For each parameter, n_eff is a crude measure of effective sample size,
and Rhat is the potential scale reduction factor on split chains (at
convergence, Rhat=1).
We apply model six to estimate the effective reproduction number, the dispersion parameter, the mutation probability and the testing probability from the clusters we simulated in section (D1).
options(mc.cores = parallelly::availableCores())
estRodis_estimate_parameters_six(clusters_size = simulated_clusters$size,
clusters_freq = simulated_clusters$frequency,
testing_proba = 0.55,
sequencing_proba = 0.44)
Result:
Inference for Stan model: estRodis_stan_model_estimate_parameters_six.
4 chains, each with iter=2000; warmup=1000; thin=1;
post-warmup draws per chain=1000, total post-warmup draws=4000.
mean se_mean sd 2.5% 25% 50% 75% 97.5% n_eff Rhat
R 0.90 0.00 0.06 0.79 0.86 0.90 0.94 1.04 1439 1
k 0.28 0.00 0.06 0.18 0.23 0.27 0.31 0.42 1748 1
mutation_proba 0.29 0.00 0.04 0.20 0.26 0.29 0.32 0.38 1467 1
lp__ -1163.88 0.03 1.19 -1166.78 -1164.44 -1163.58 -1163.00 -1162.51 1345 1
Samples were drawn using NUTS(diag_e) at Tue Oct 1 15:47:19 2024.
For each parameter, n_eff is a crude measure of effective sample size,
and Rhat is the potential scale reduction factor on split chains (at
convergence, Rhat=1).
The R package estRodis contains 18 functions. Short introductions of all functions are provided below, more detailed information on input and output values can be found in the documentation of the respective function within the R package.

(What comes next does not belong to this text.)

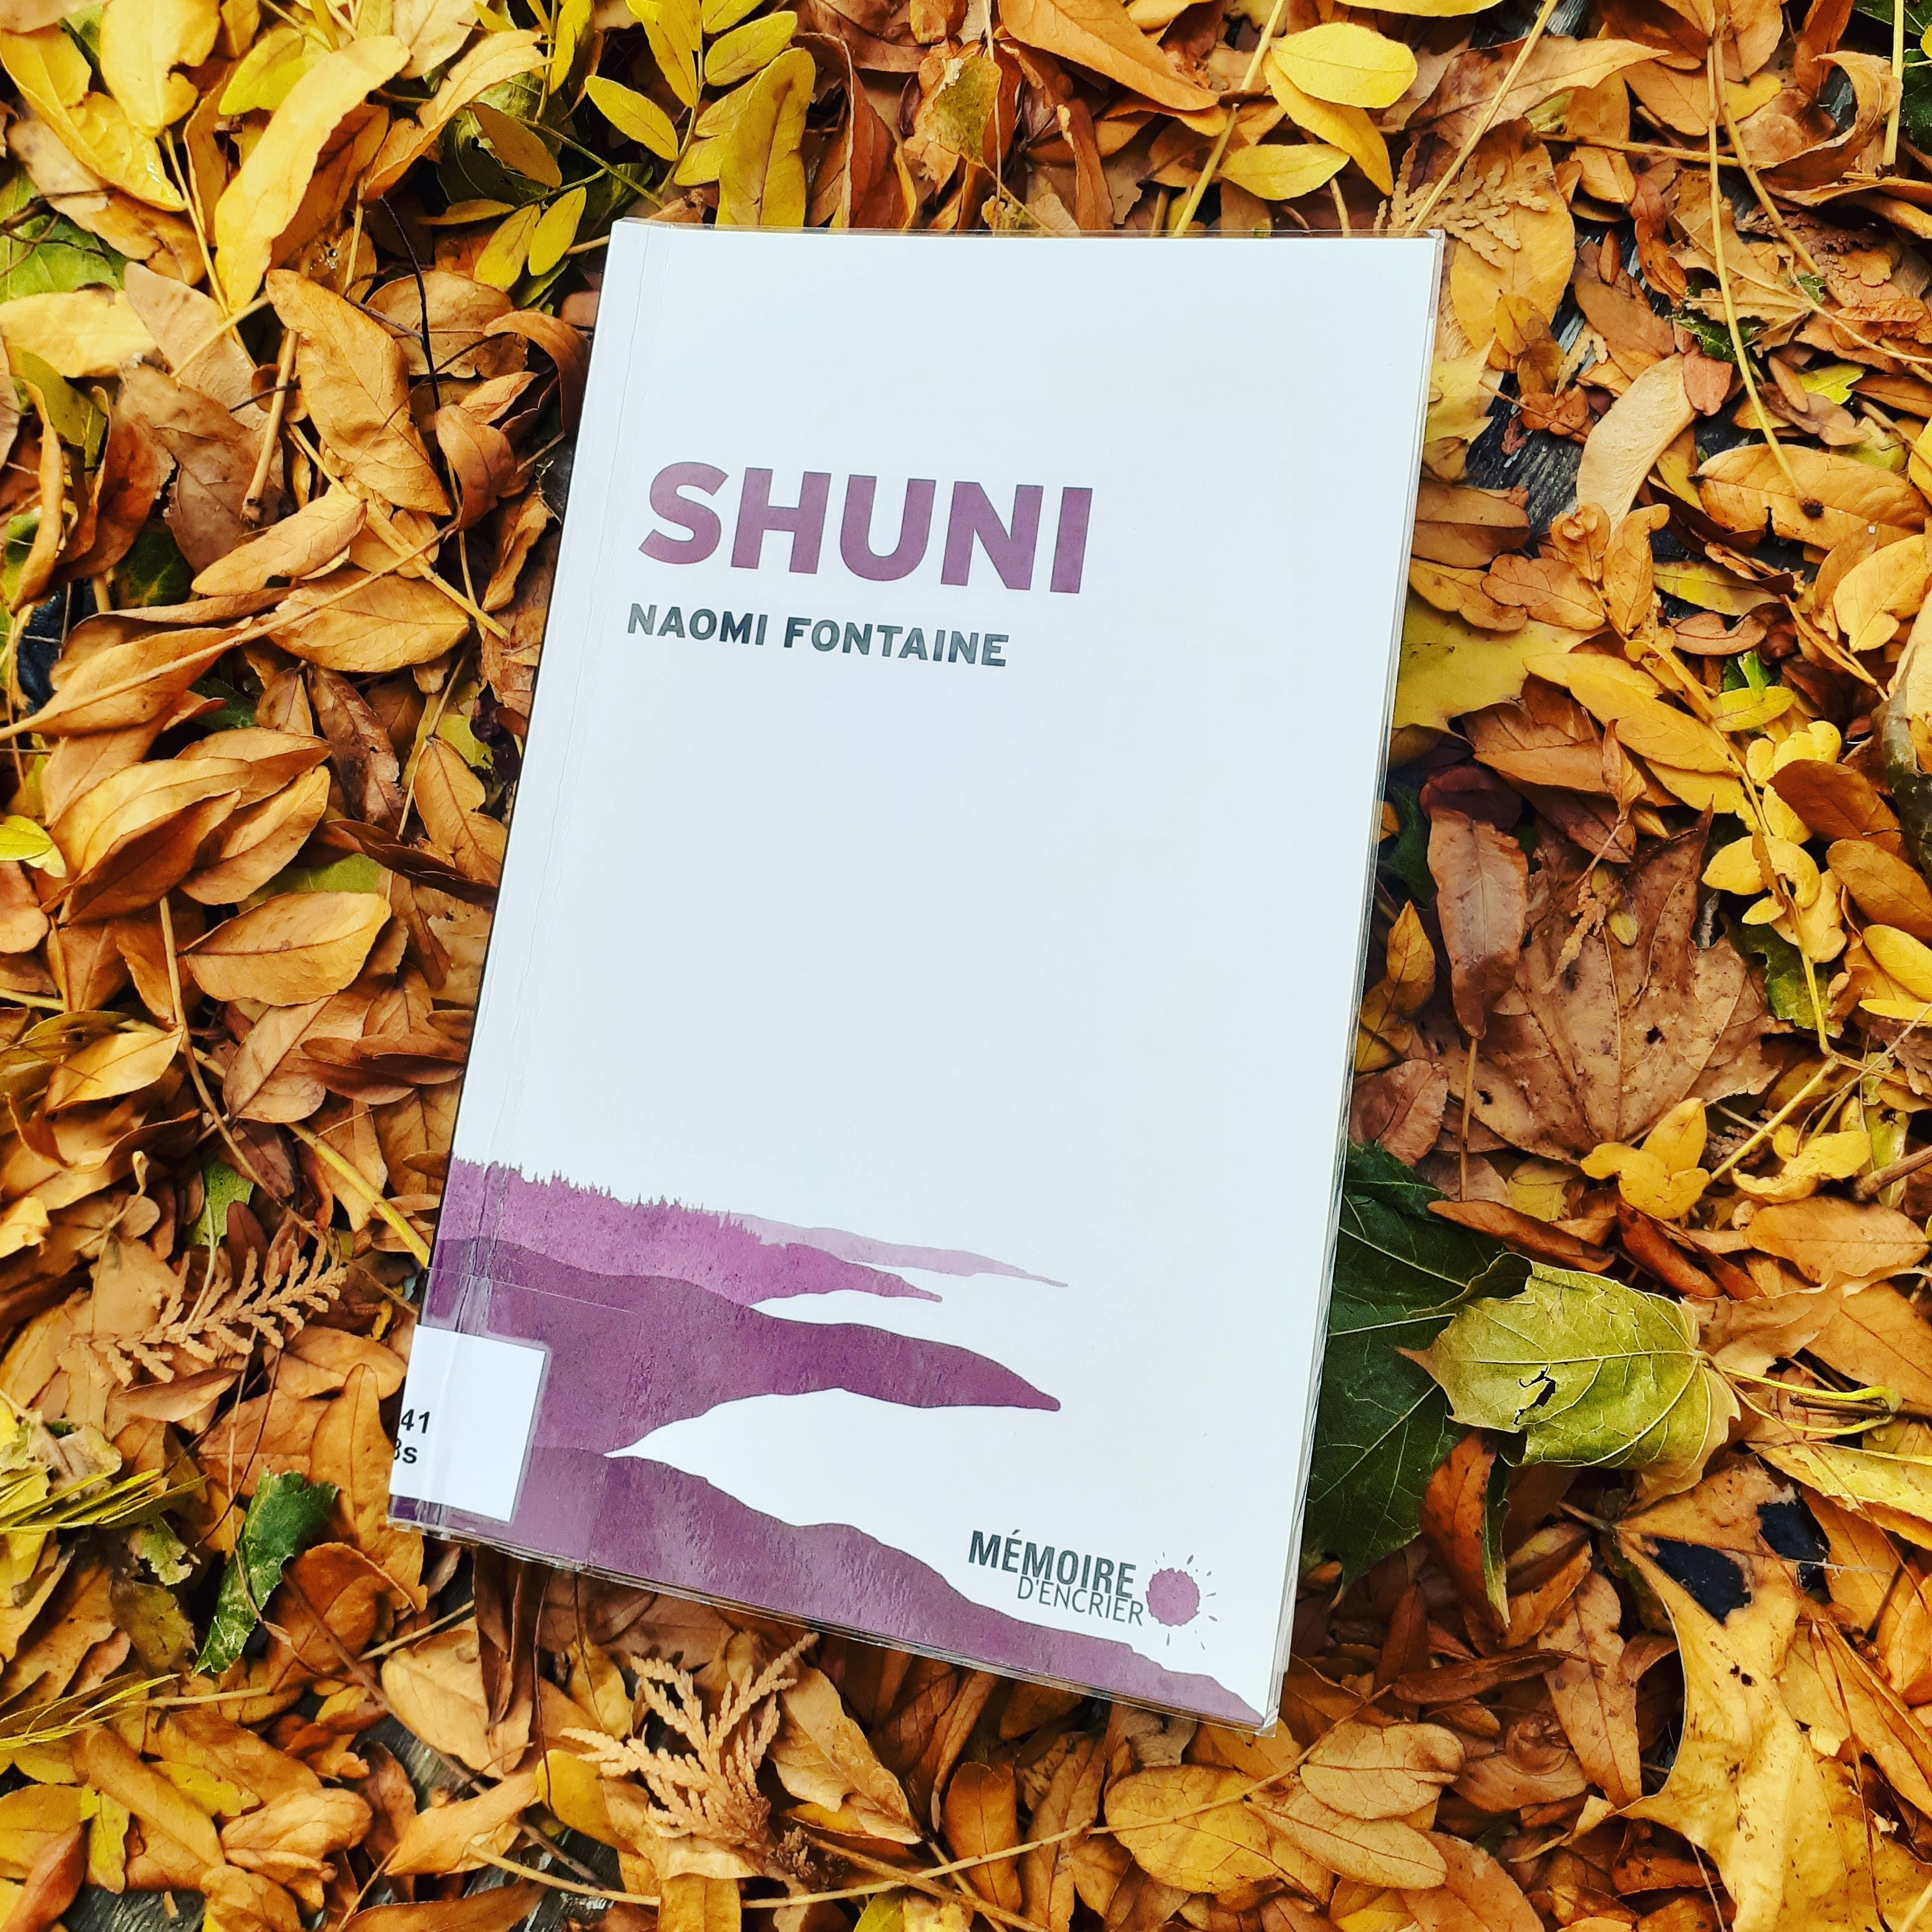 livre autochtone, nature, feuilles
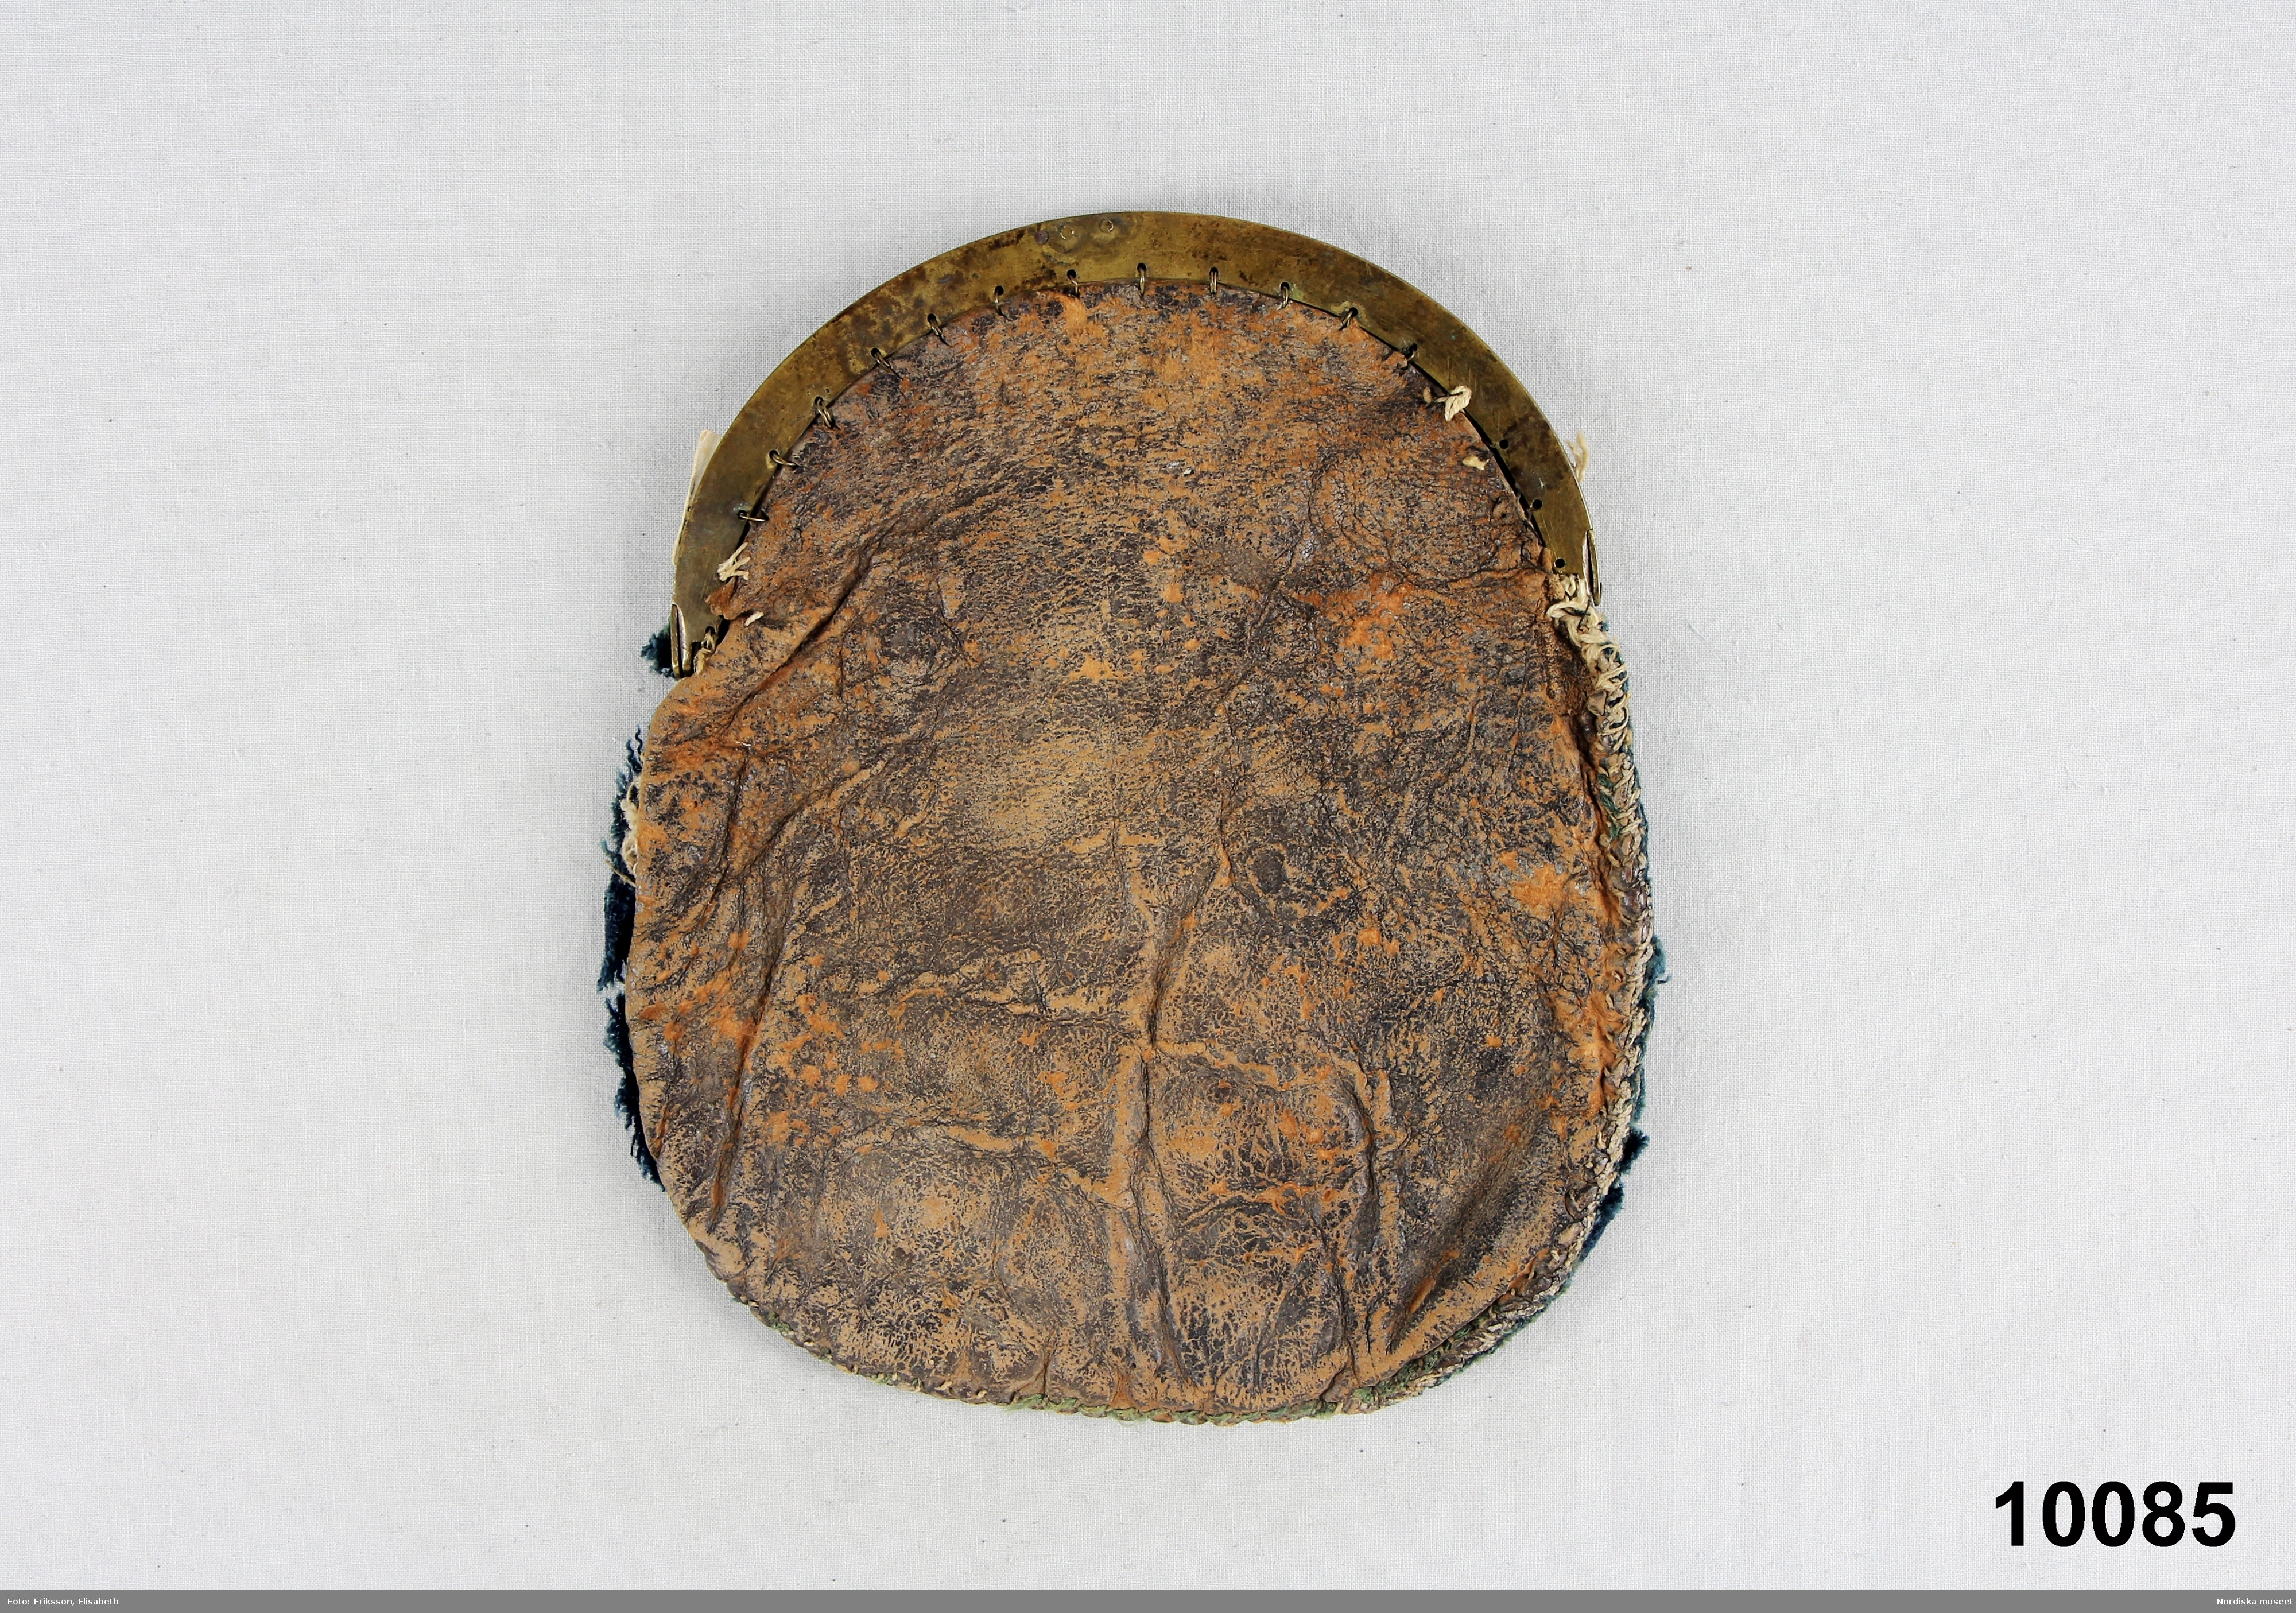 File Väska - Nordiska museet - NM.0010085 (2).jpg - Wikimedia Commons d705a556f638d

Simulate the size of identical sequence clusters implementing the mutation process via the yearly mutation rate and the mean generation interval.
Simulate the size of identical sequence clusters implementing the mutation process directly via the probability a mutation occurs at a case before onward transmission.
Simulate a transmission chain.
Create a plot of a transmission chain.
Create a plot of a transmission chain including mutations of the viral genome.
Apply model one, two, three, four, five or six to estimate parameters from the sequence cluster size distribution.
Determine initial values for model one, two, three, four, five or six.
Probability density function of a scaled version of the beta distribution.
This distribution is used as prior distribution of the testing probability in models one, three ad five.